Displays a correlation matrix across categories or cross-sections of panels.
Parameters
----------
df : ~pandas.DataFrame
standardized JPMaQS DataFrame with the necessary columns: 'cid', 'xcat',
'real_date' and at least one column with values of interest.
xcats : List[str]
extended categories to be correlated. Default is all in the DataFrame. If xcats
contains only one category the correlation coefficients across cross sections are
displayed. If xcats contains more than one category, the correlation coefficients
across categories are displayed. Additionally, the order of the xcats received will
be mirrored in the correlation matrix.
cids : List[str]
cross sections to be correlated. Default is all in the DataFrame.
tickers : List[str], optional
specific tickers to correlate (format: "CID_XCAT", e.g. "USD_FXXR_NSA").
If provided, correlations will be calculated between the full ticker combinations.
Cannot be used together with xcats/cids or xcats_secondary/cids_secondary.
xcats_secondary : List[str]
an optional second set of extended categories. If xcats_secondary is provided,
correlations will be calculated between the categories in xcats and xcats_secondary.
cids_secondary : List[str]
an optional second list of cross sections. If cids_secondary is provided
correlations will be calculated and visualized between these two sets.
start : str
earliest date in ISO format. Default is None and earliest date in df is used.
end : str
latest date in ISO format. Default is None and latest date in df is used.
val : str
name of column that contains the values of interest. Default is 'value'.
freq : str
frequency option. Per default the correlations are calculated based on the
native frequency of the datetimes in 'real_date', which is business daily. Down-
sampling options include weekly ('W'), monthly ('M'), or quarterly ('Q') mean.
cluster : bool
if True the series in the correlation matrix are reordered by hierarchical
clustering. Default is False.
lags : dict
optional dictionary of lags applied to respective categories. The key will be
the category and the value is the lag or lags. If a category has multiple lags
applied, pass in a list of lag values. The lag factor will be appended to the
category name in the correlation matrix. If xcats_secondary is not none, this
parameter will specify lags for the categories in xcats.
lags_secondary : dict
optional dictionary of lags applied to the second set of categories if
xcats_secondary is provided.
title : str
chart heading. If none is given, a default title is used.
size : Tuple[float]
two-element tuple setting width/height of figure. Default is (14, 8).
title_fontsize : int
font size of the title. Default is 20.
fontsize : int
font size of the title. Default is 14.
max_color : float
maximum values of positive/negative correlation coefficients for color scale.

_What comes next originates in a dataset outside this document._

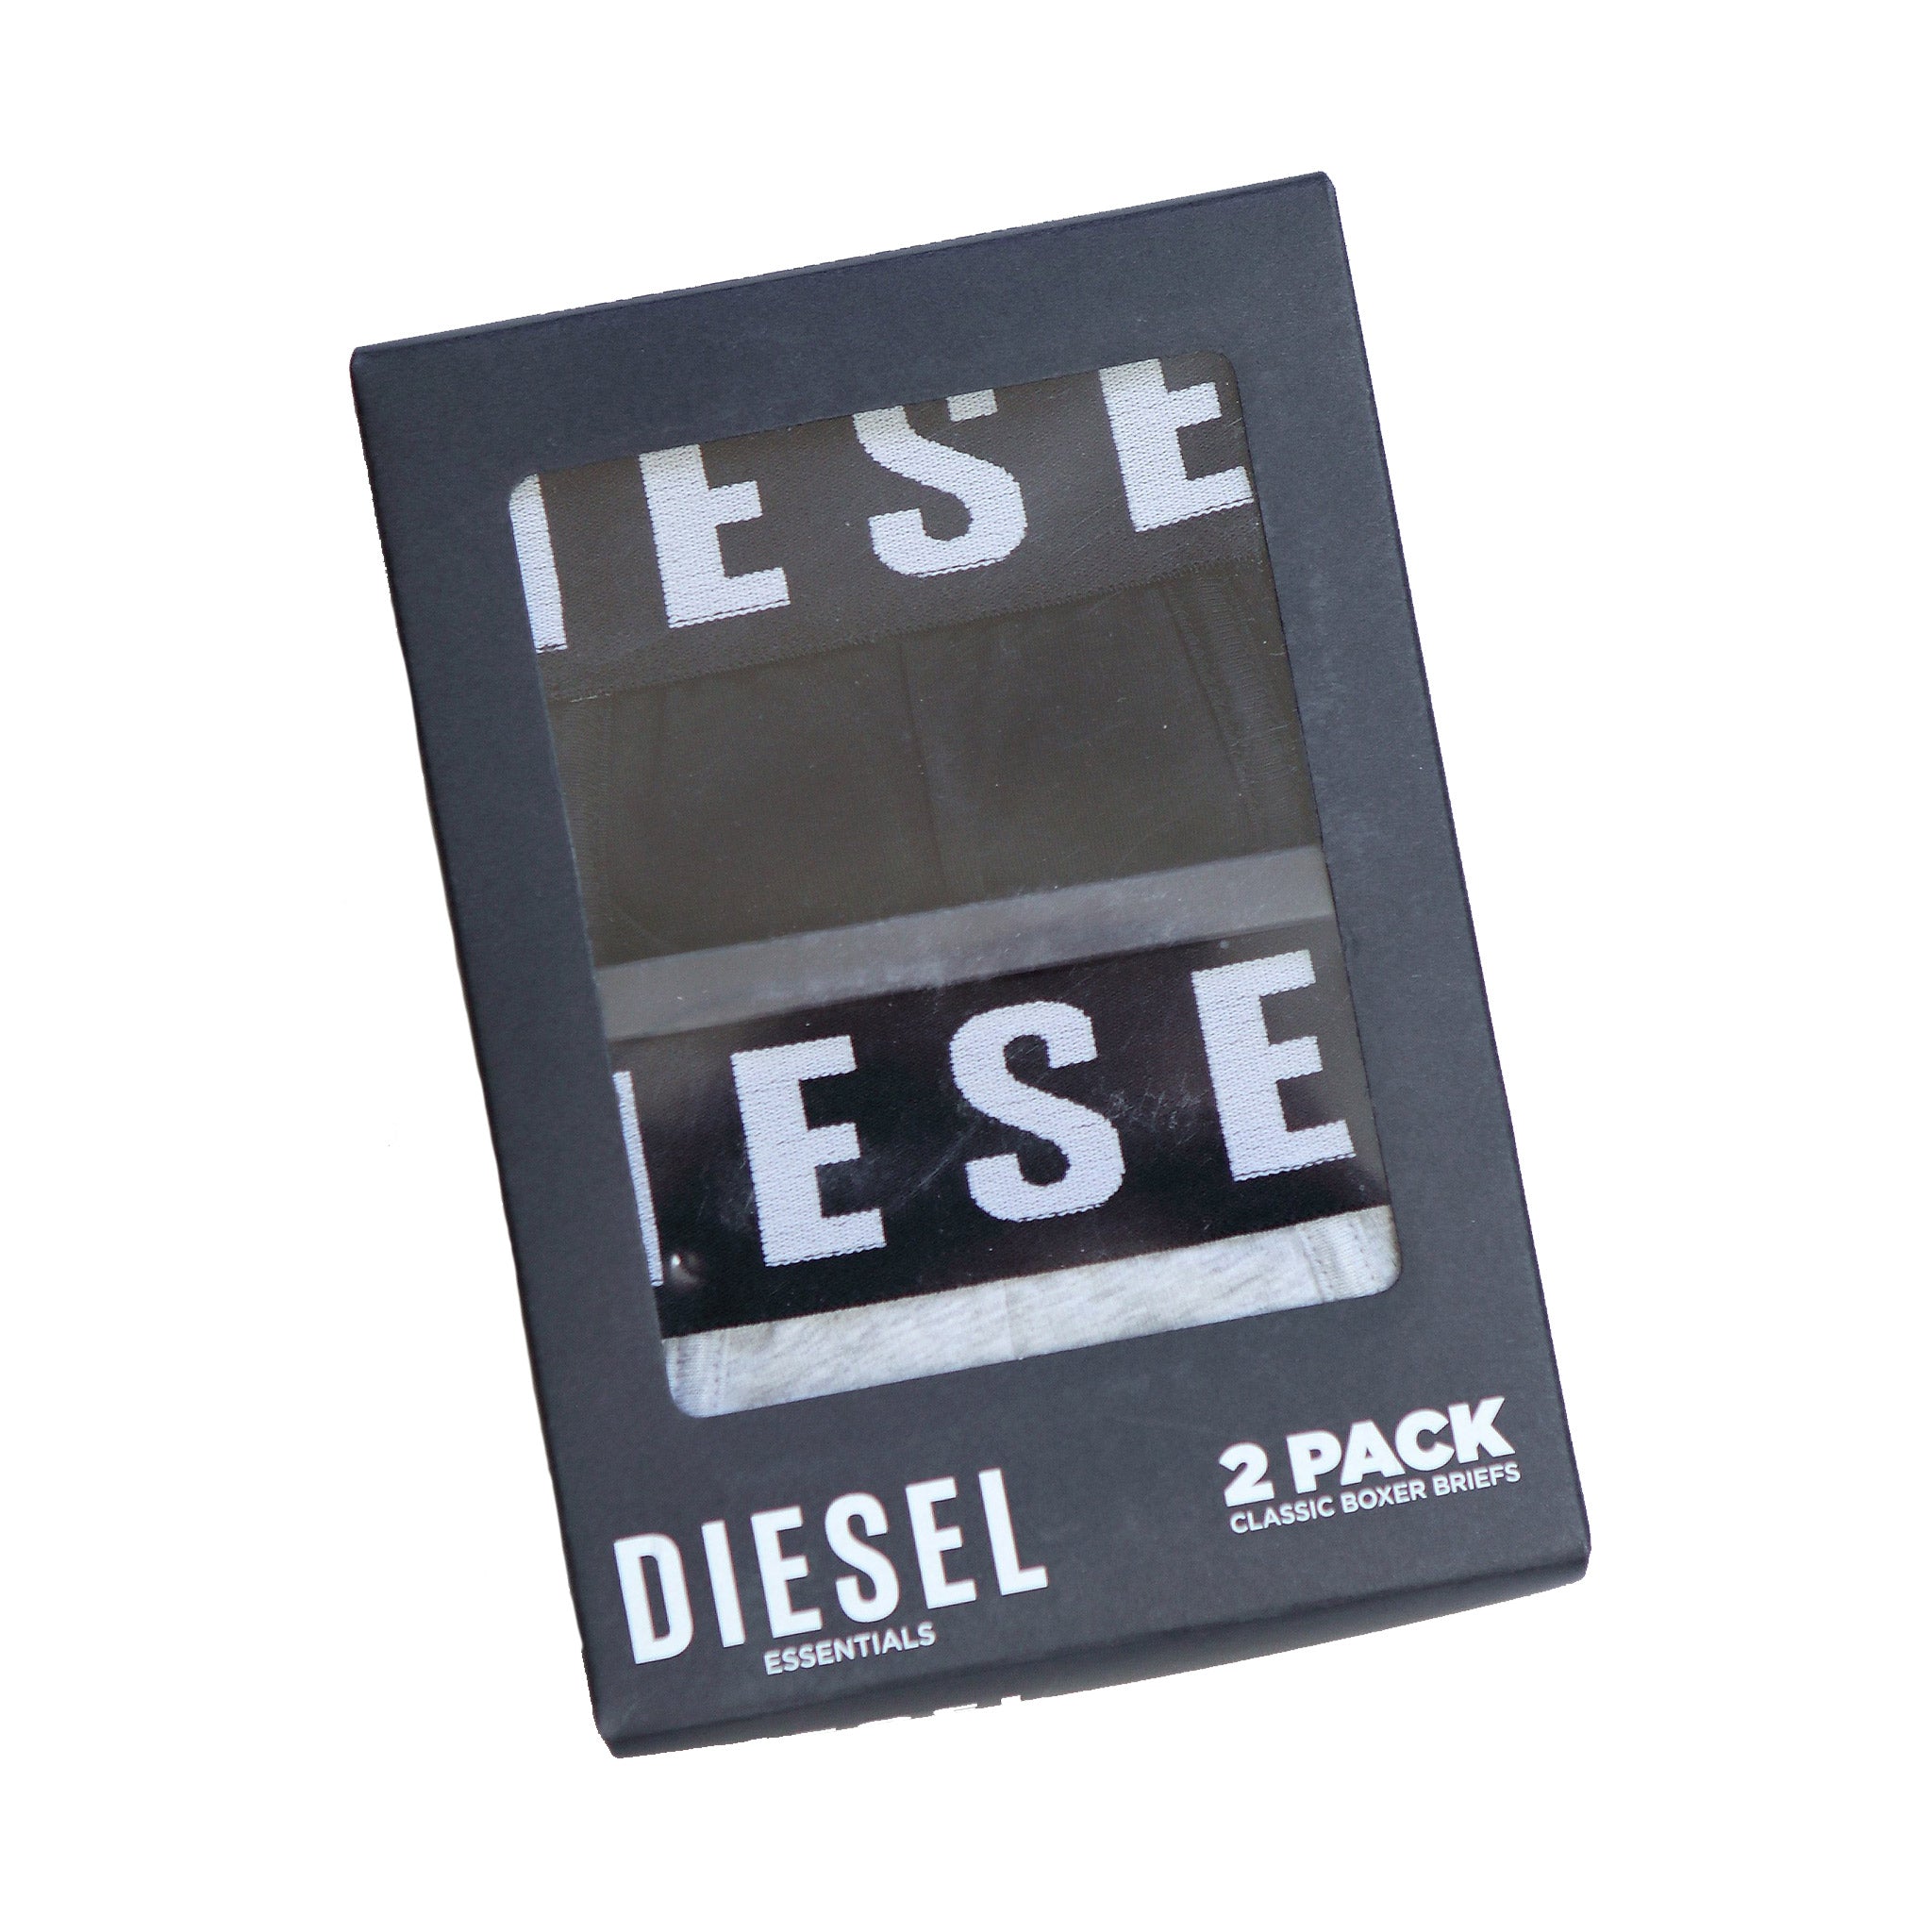 Diesel Boxed Boxers - Black/Pebble

Default is none. If a value is given it applies symmetrically to positive and
negative values.
show : bool
if True the figure will be displayed, else the axis object is returned. Default
is True.
xcat_labels : Optional[Union[List[str], Dict[str, str]]]

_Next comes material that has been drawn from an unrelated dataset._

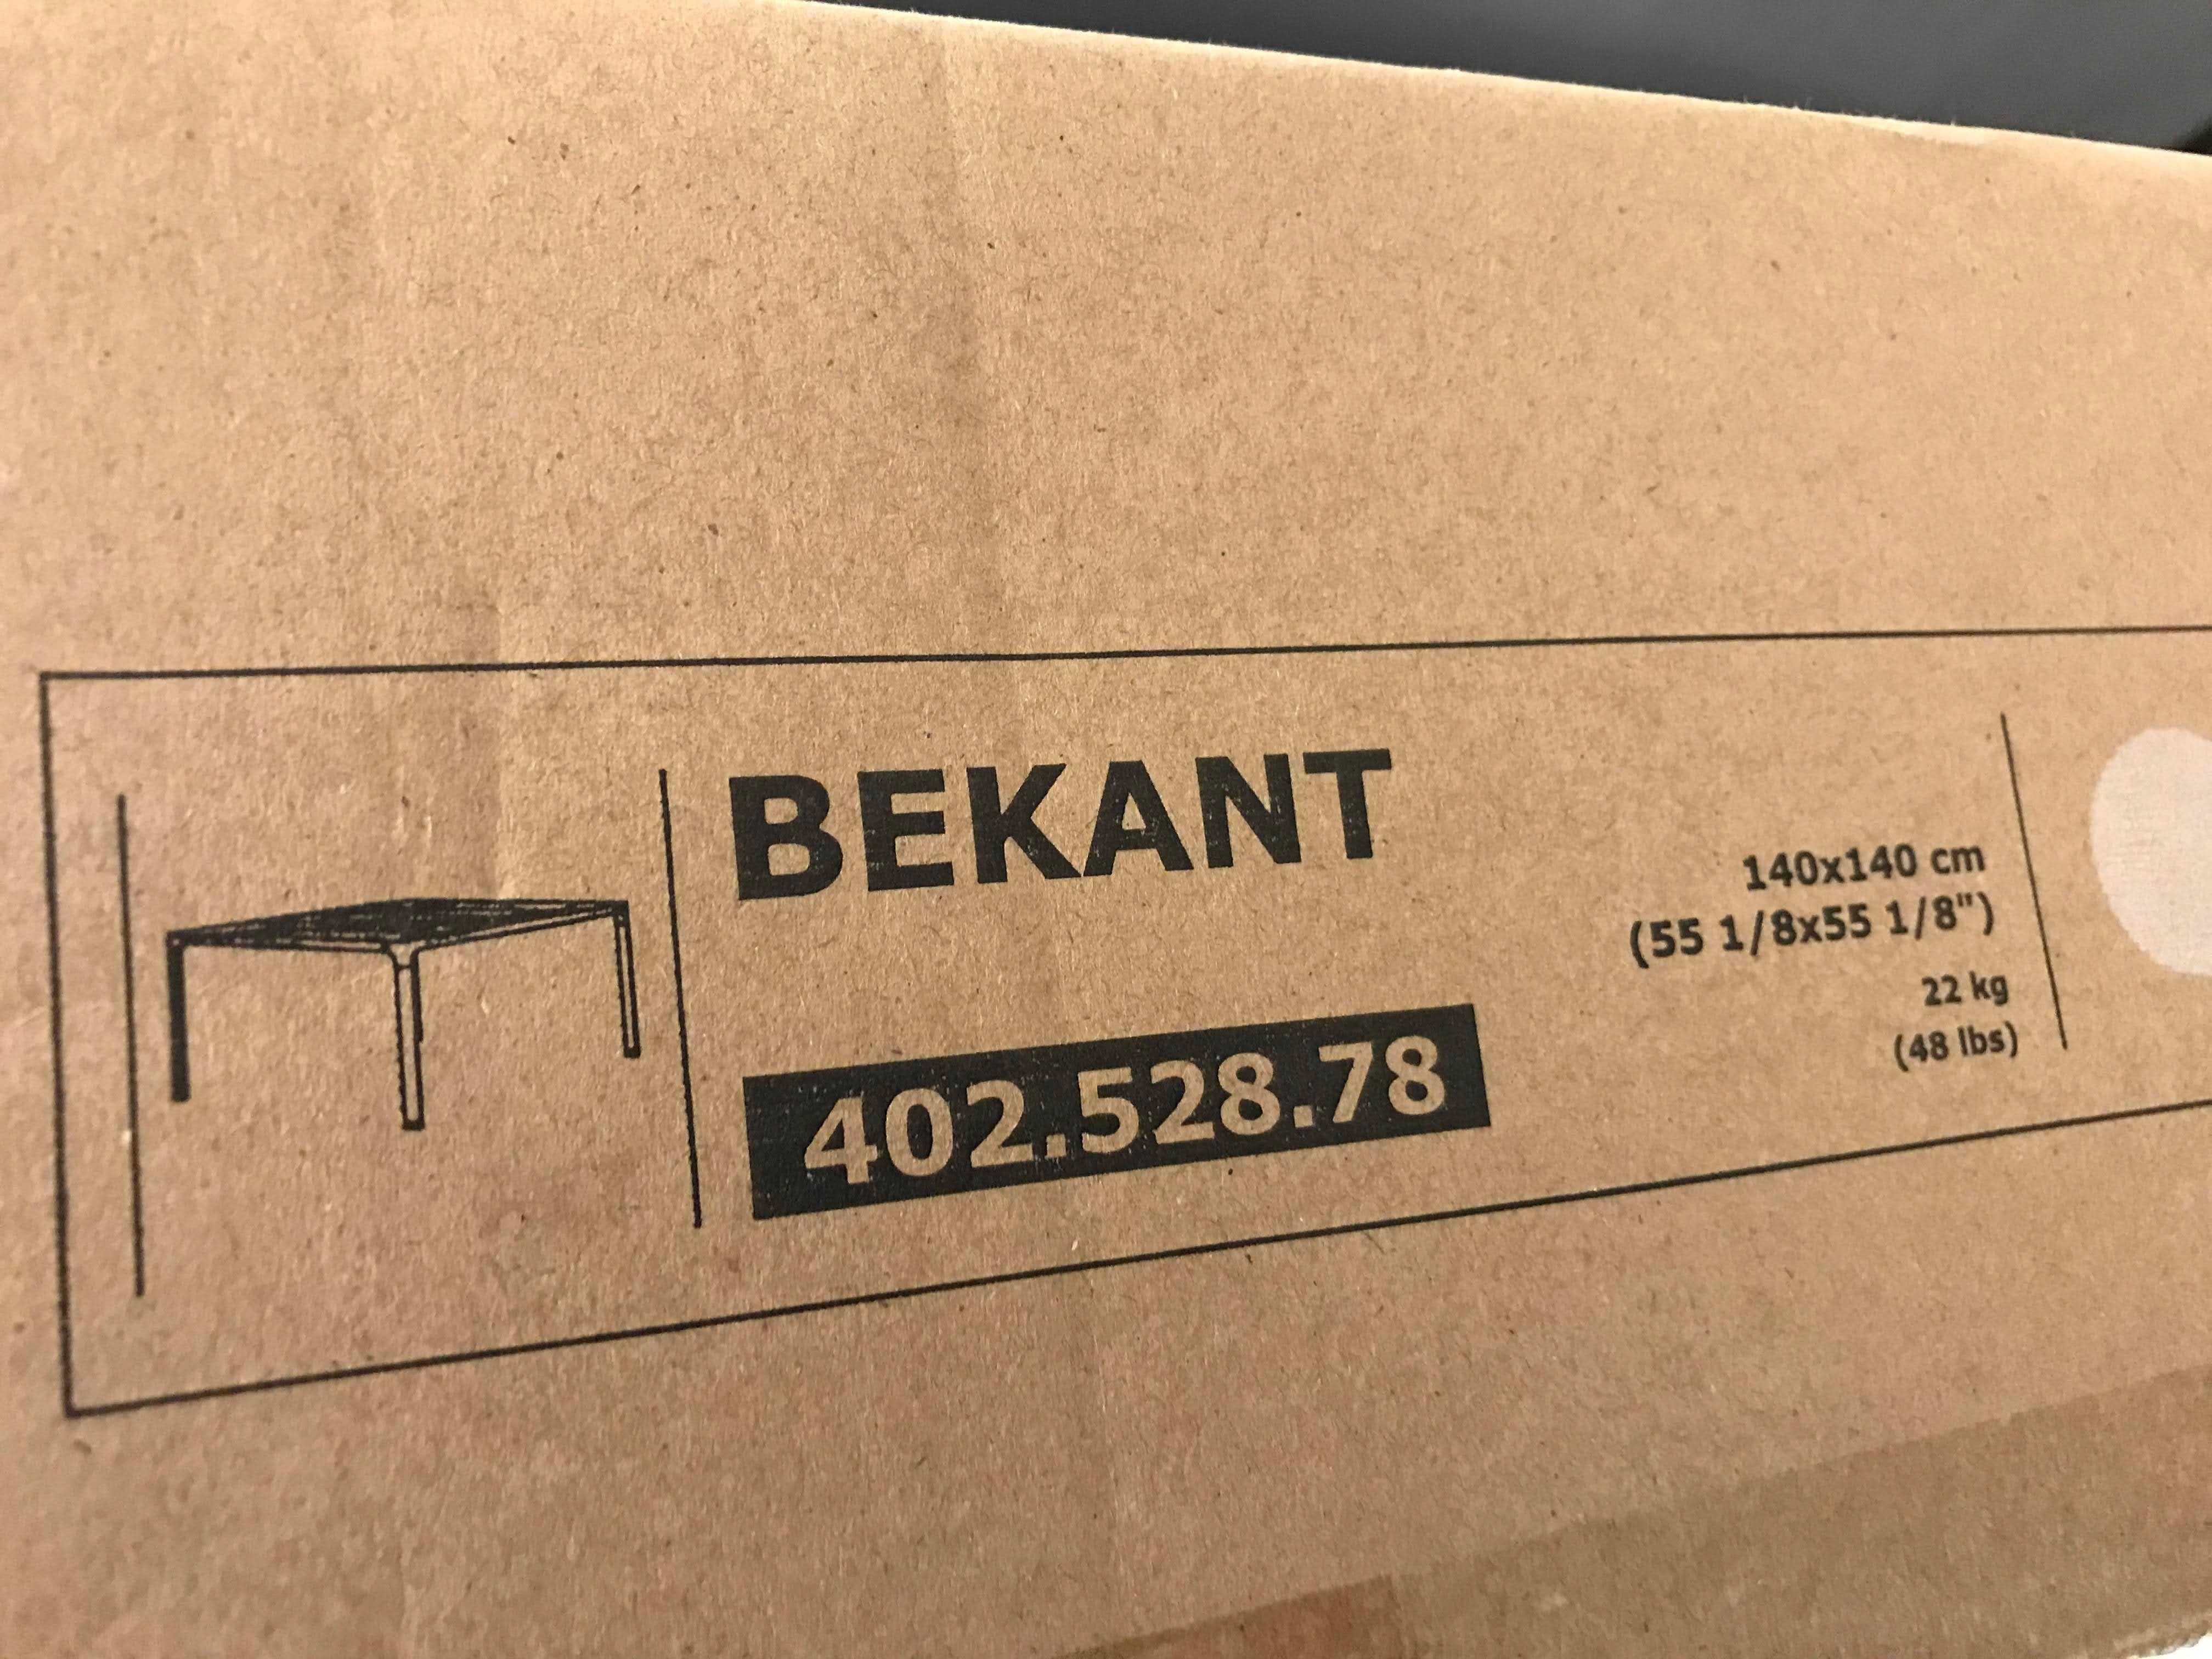 IKEA BEKANT nowy stół bez blatu 140 * 140 * 73 cm, BIAŁY 402.528.78

optional list or dictionary of labels for xcats. A list should be in the same
order as xcats, a dictionary should map from each xcat to its label.

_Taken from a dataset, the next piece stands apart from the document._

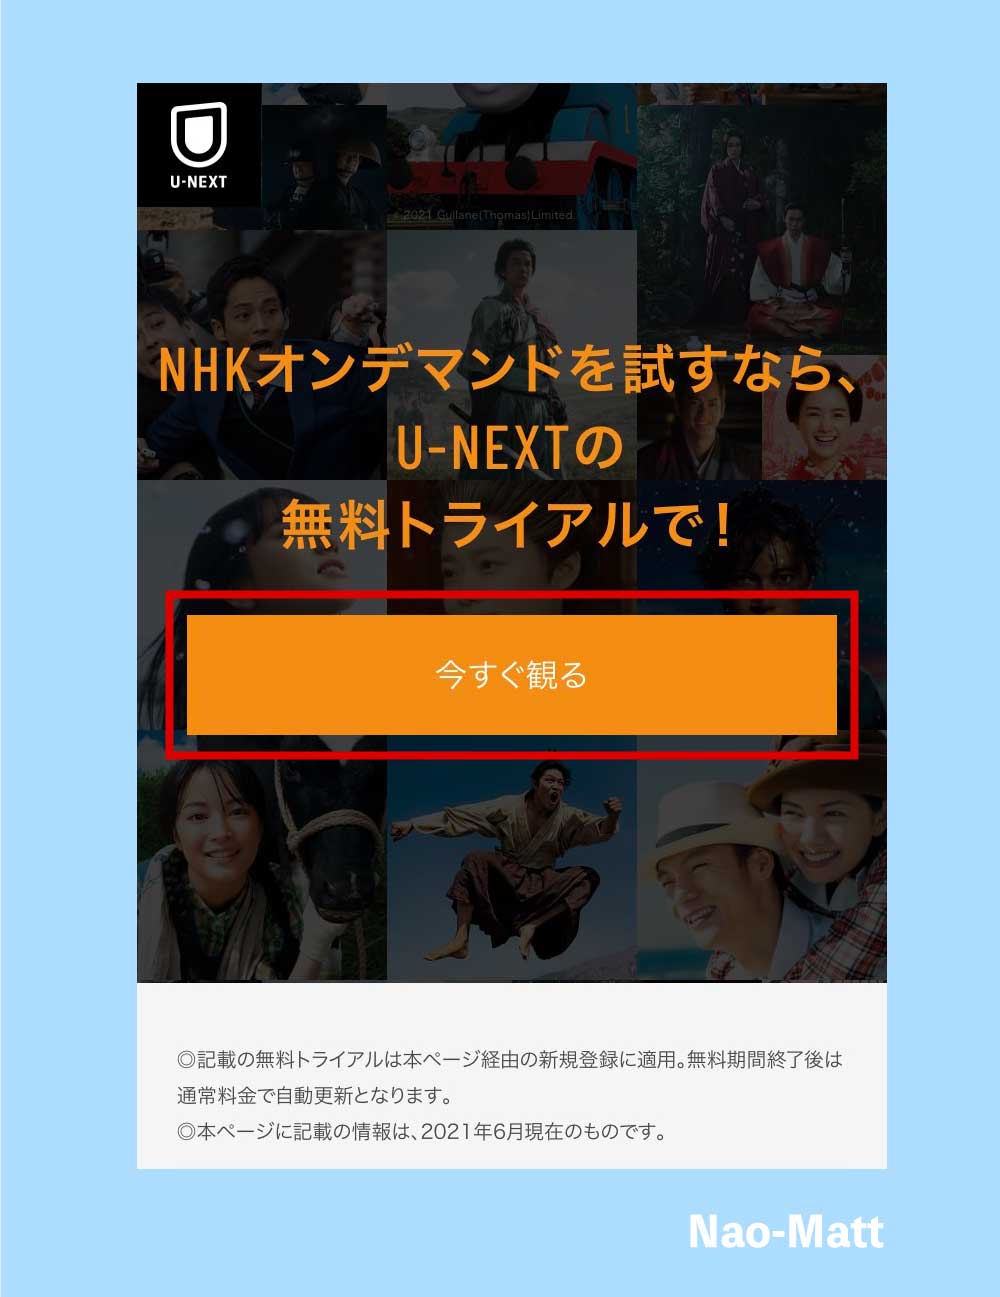 NHKオンデマンドの登録画面です

xcat_secondary_labels : Optional[Union[List[str], Dict[str, str]]]
optional list or dictionary of labels for xcats_secondary.
cid_labels : Optional[Union[List[str], Dict[str, str]]]
optional list or dictionary of labels for cids. A list should be in the same
order as cids, a dictionary should map from each cid to its label.
cid_secondary_labels : Optional[Union[List[str], Dict[str, str]]]
optional list or dictionary of labels for cids_secondary.
ticker_labels : Optional[Union[List[str], Dict[str, str]]]
optional list or dictionary of labels for tickers. A list should be in the same
order as tickers, a dictionary should map from each ticker to its label.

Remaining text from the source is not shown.